- **Assignment**:
Apart from the images, repeat the data below exactly as written.

- **Extracted entries**:

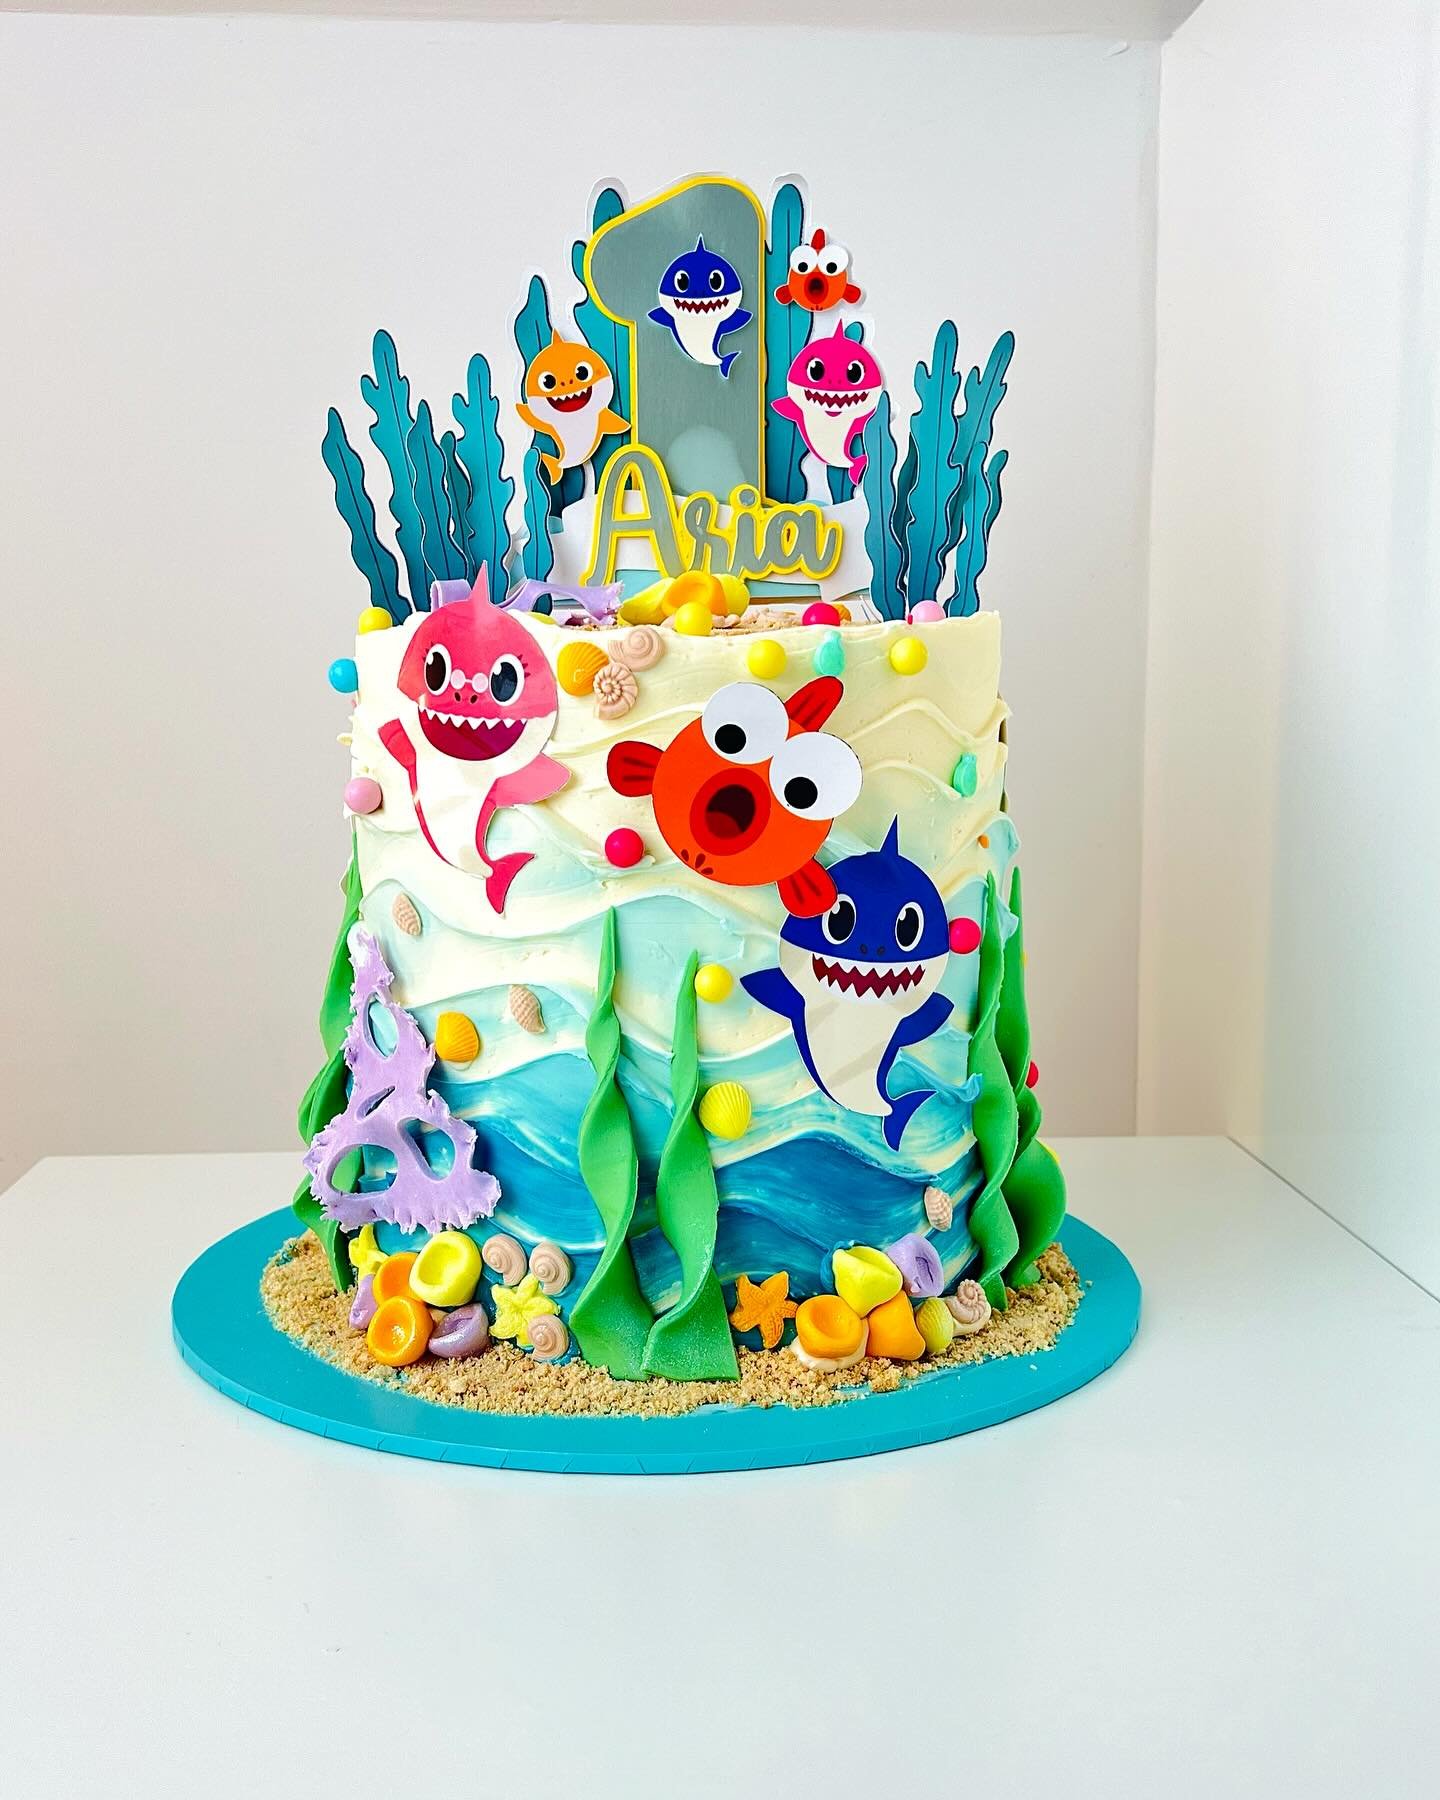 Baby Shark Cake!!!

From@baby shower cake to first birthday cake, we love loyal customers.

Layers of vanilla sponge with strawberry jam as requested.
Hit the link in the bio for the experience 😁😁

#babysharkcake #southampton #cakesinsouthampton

- **Task answer**:
 Baby Shark Cake!!!

From@baby shower cake to first birthday cake, we love loyal customers.

Layers of vanilla sponge with strawberry jam as requested.
Hit the link in the bio for the experience 😁😁

#babysharkcake #southampton #cakesinsouthampton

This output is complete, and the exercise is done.